__Exercise prompt__: Could you repeat the listing below exactly while leaving its pictures behind?

__Material provided__:

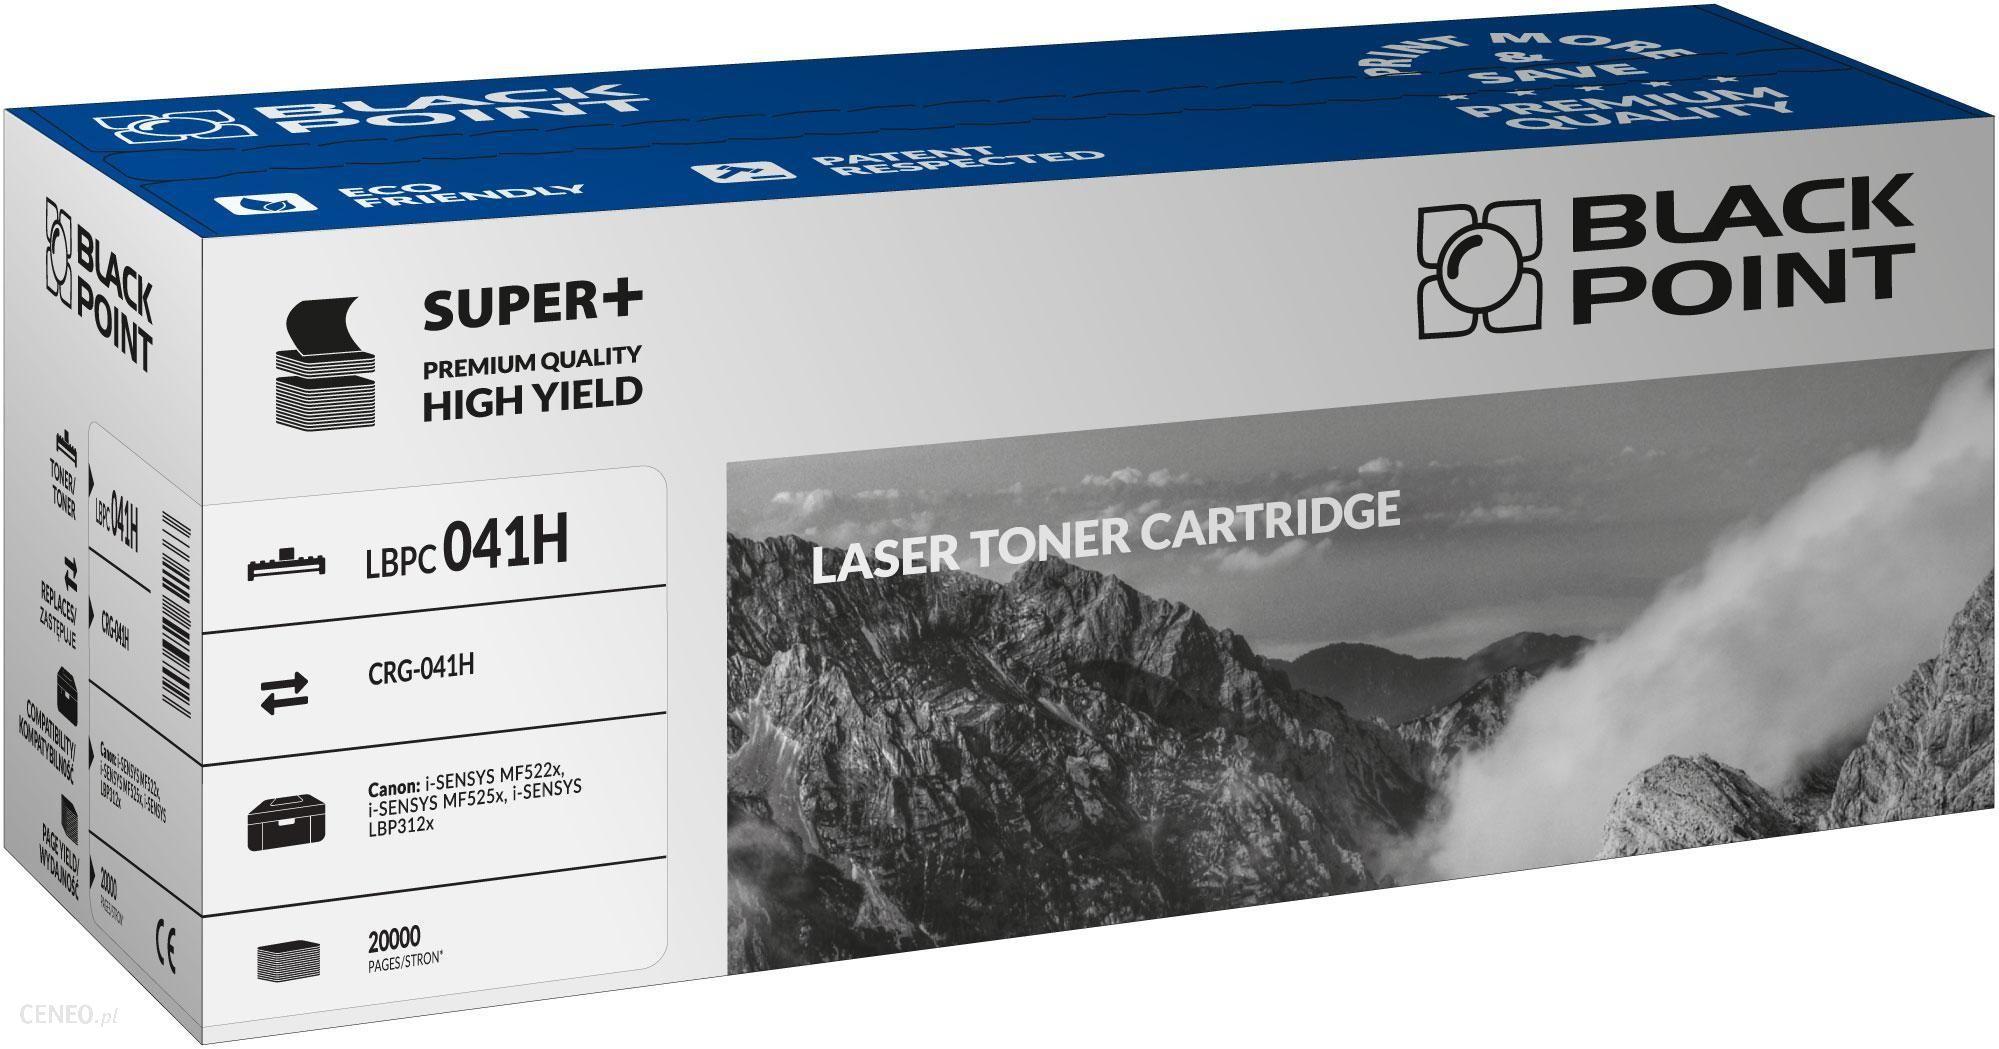 Black Point Zgodny z Canon CRG-041H Super PLUS do Canon i-SENSYS MF522x, i-SENSYS MF525x, i-SENSYS LBP312x
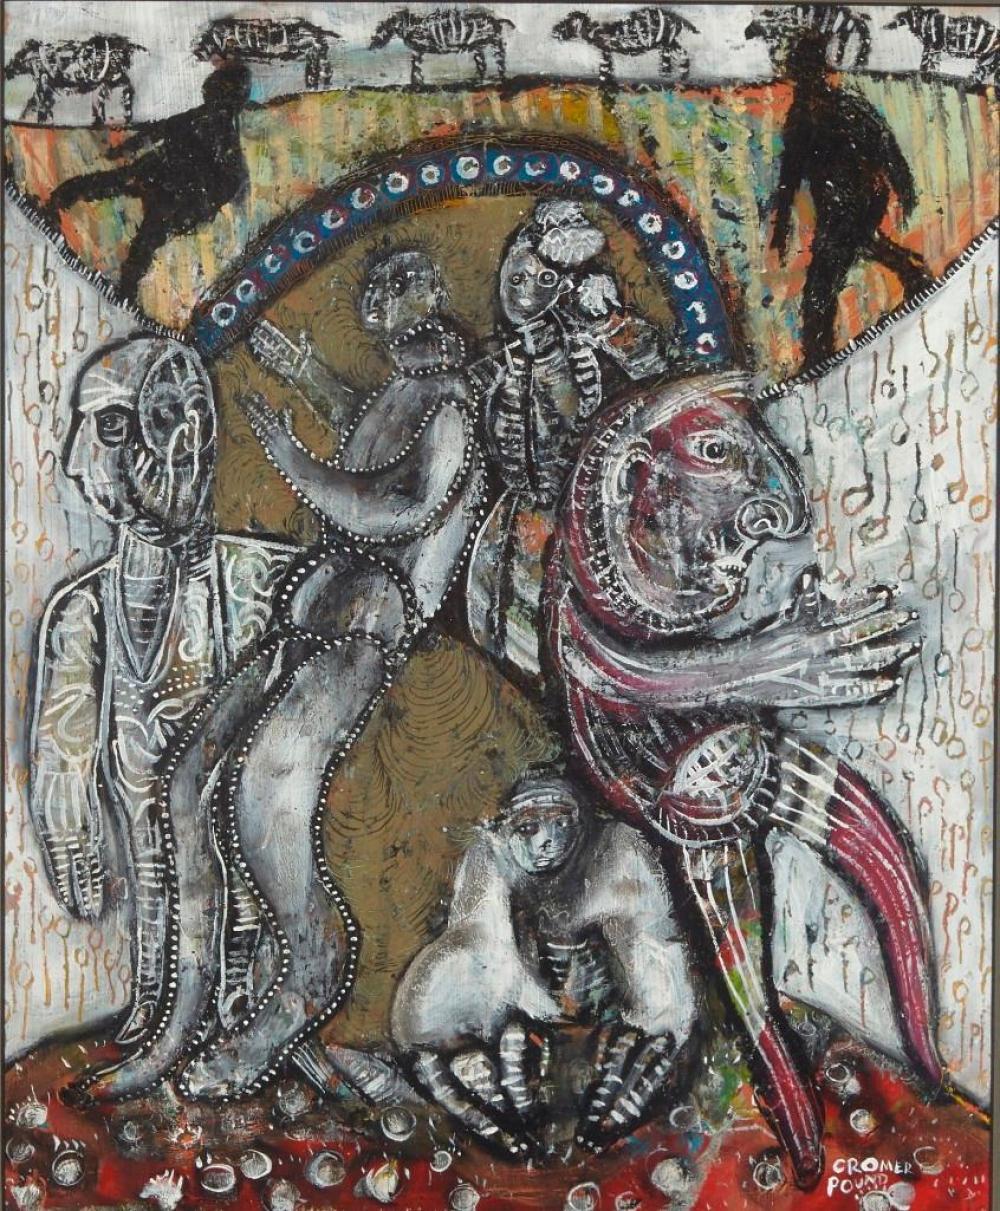 J.J. Cromer  Outsider Artist - 2 works on paper
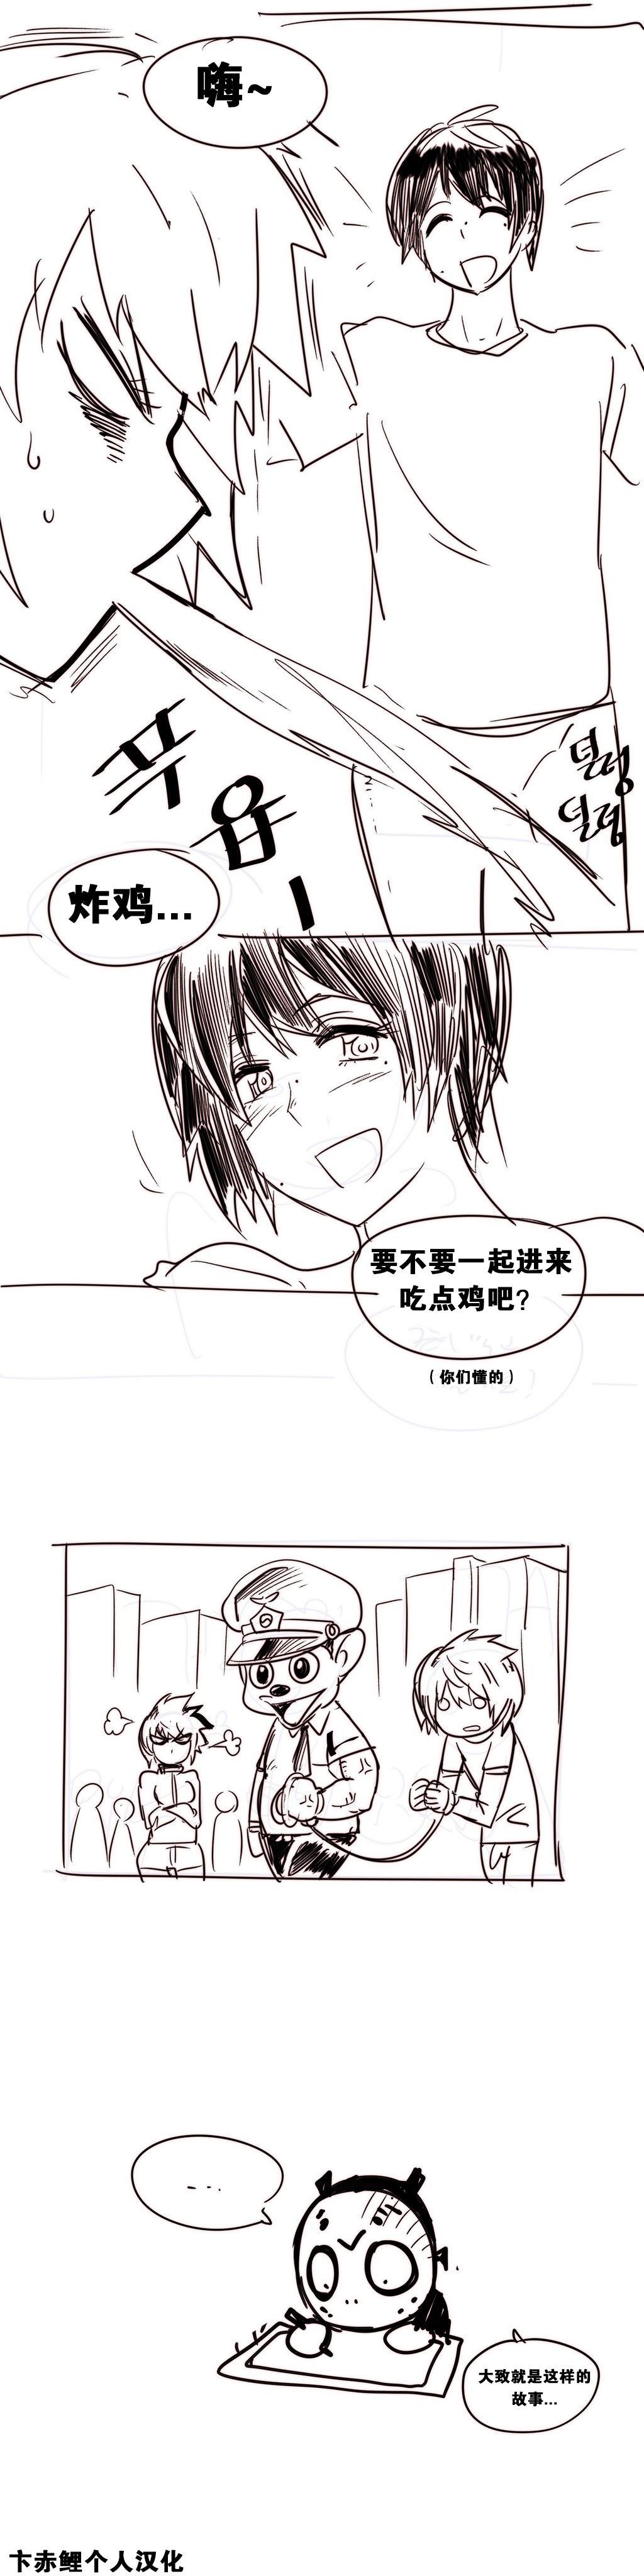 HouseHold Affairs 【卞赤鲤个人汉化】1~21话(持续更新中) 281

__Task result__:
 Black Point Zgodny z Canon CRG-041H Super PLUS do Canon i-SENSYS MF522x, i-SENSYS MF525x, i-SENSYS LBP312x
 J.J. Cromer  Outsider Artist - 2 works on paper
 HouseHold Affairs 【卞赤鲤个人汉化】1~21话(持续更新中) 281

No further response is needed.